The first instinct is to collapse synonyms. Gene X and Protein Y and Receptor Z all get merged into the same node. Then a biologist asks a question where the protein matters but the gene doesn't, and your graph has already eaten the distinction. Every merge is a lossy compression step; every merge should be auditable and reversible at query time.

2. Evidence without strength

A relation extracted from one sentence of one preprint gets the same edge as a relation supported by twenty review articles and a phase-3 trial. Unless edges carry a calibrated confidence — ideally tied to source type, recency, and contradiction — downstream reasoning will treat speculation as fact.
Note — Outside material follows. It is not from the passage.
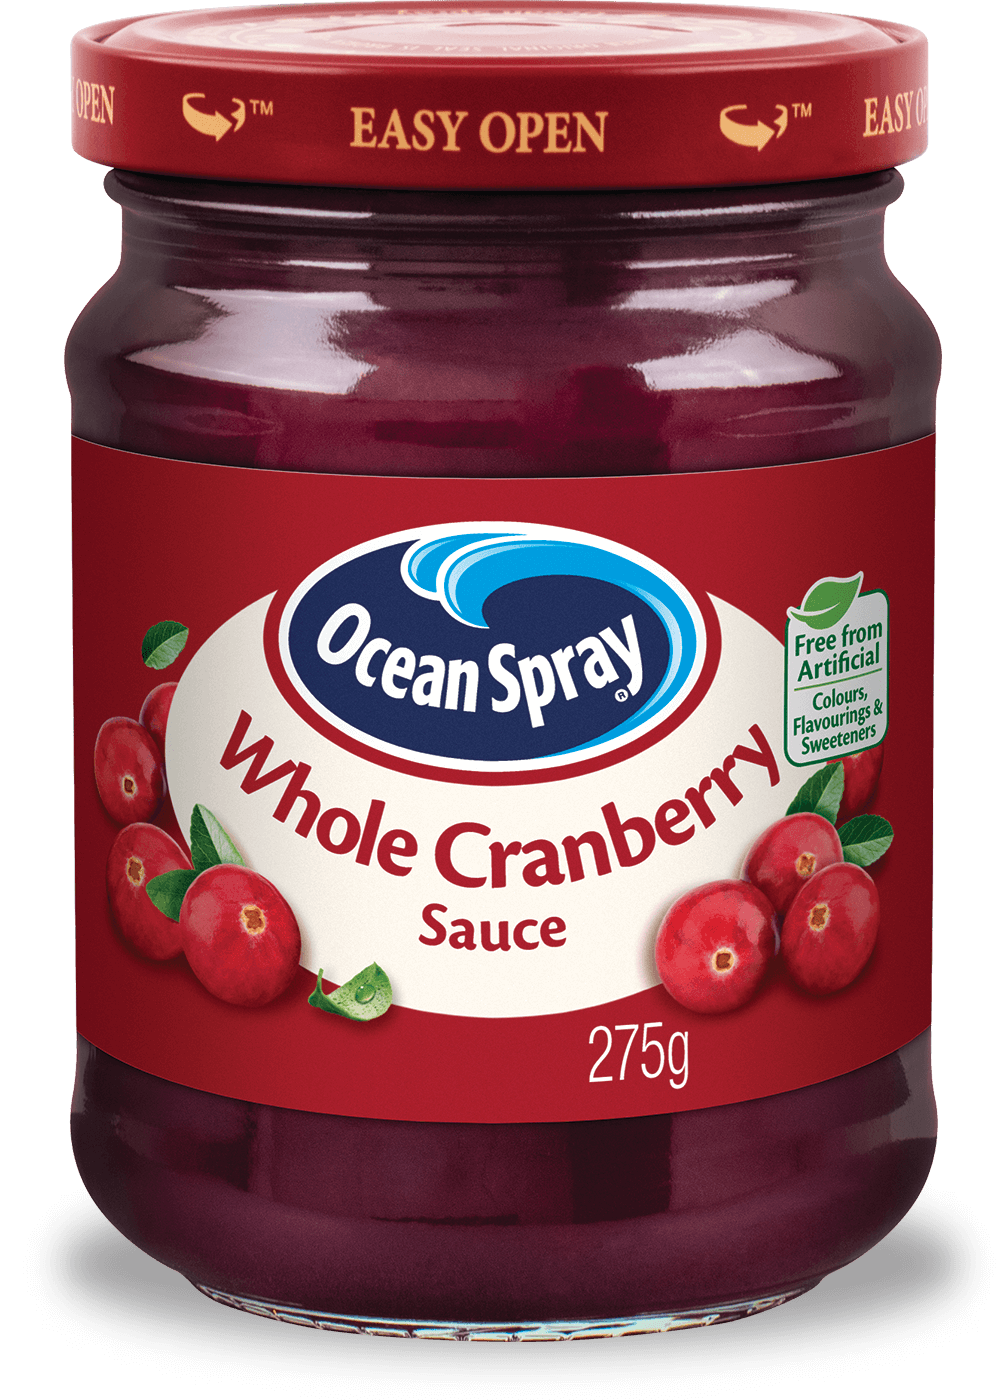 Whole Cranberry Sauce

This is where most "hallucination" in RAG-over-graphs actually comes from: the graph itself was never hedged.

3. Temporal drift

Biomedical consensus moves. A gene-disease association that was plausible in 2012 may have been refuted by 2020. If your graph is a timeless blob, you will surface retracted claims with confidence. Every edge needs a "as of" and ideally a "superseded by" pointer.
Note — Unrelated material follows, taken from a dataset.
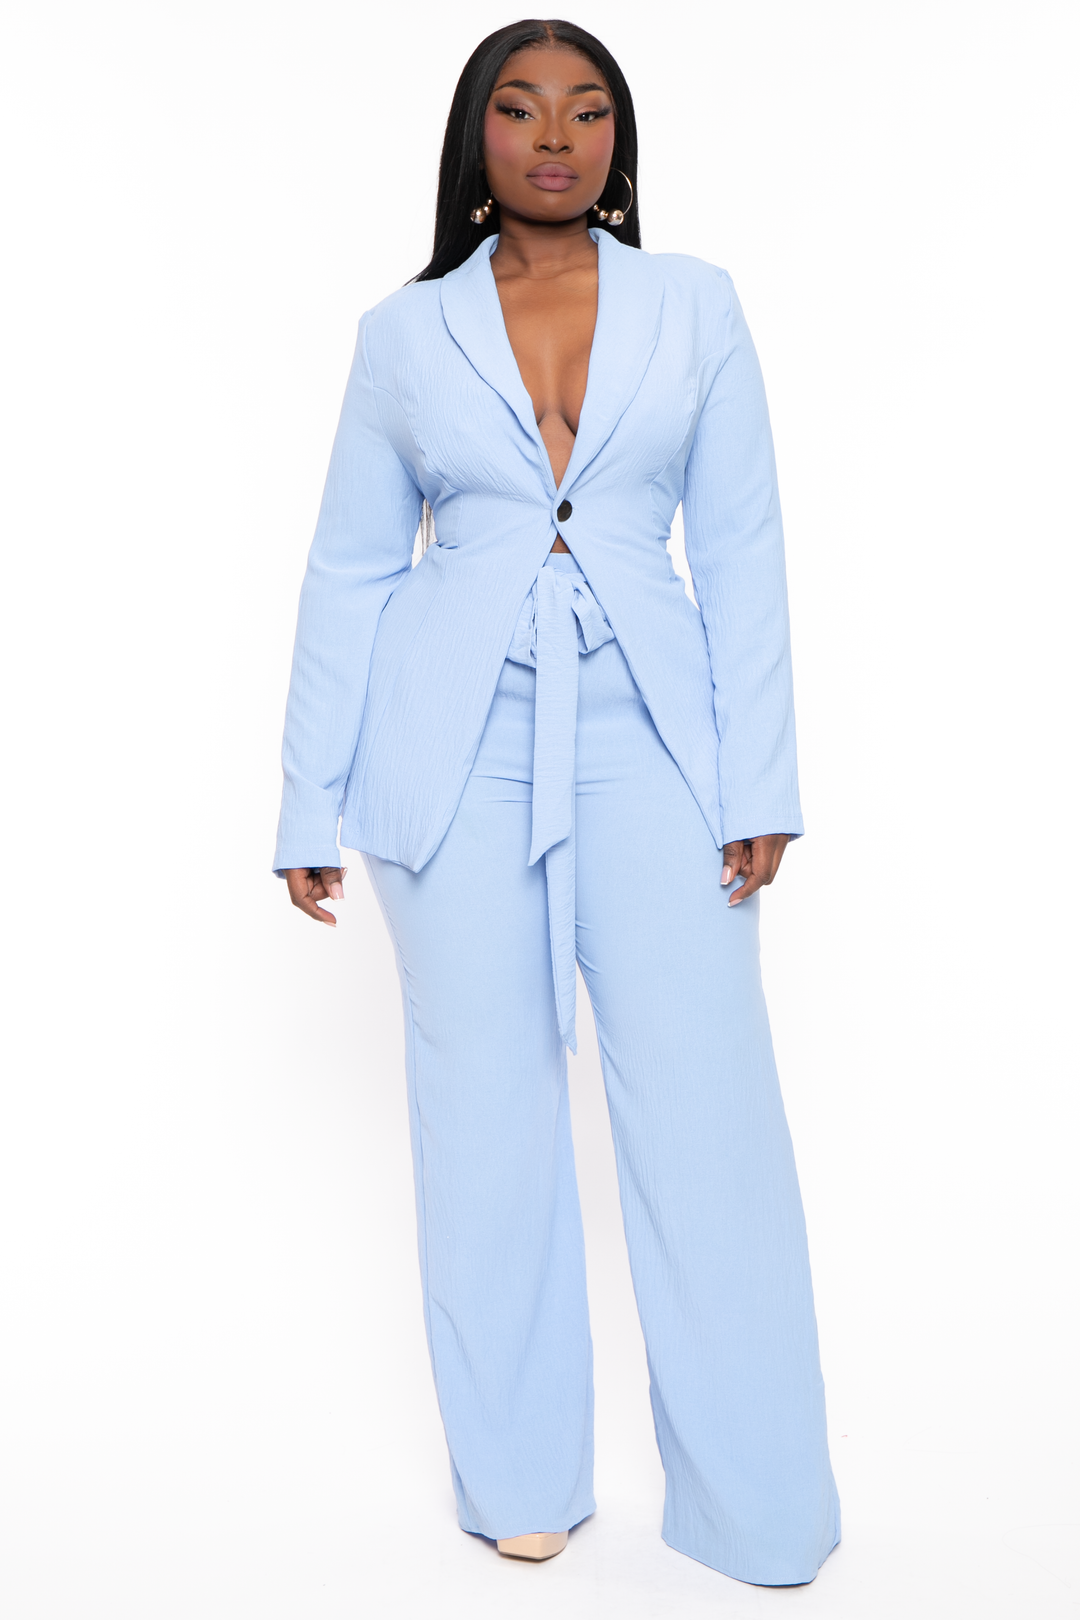 Plus Size HBIC Pant Suit - Baby Blue

4. The question the graph can't answer

The failure mode that hurts most is the one where a domain expert asks a question the graph structurally can't answer — because the relation type was never modeled, or the entity type never extracted. You discover this after you've invested in infrastructure. The fix is to start from the questions, not the papers: pick ten hard questions an expert would ask, and design the schema backwards from those.

None of this is a reason not to build graphs. But the graph is the floor, not the ceiling. What you build on top — ranking, hedging, provenance, and the workflows that let experts push back — is where the actual value lives.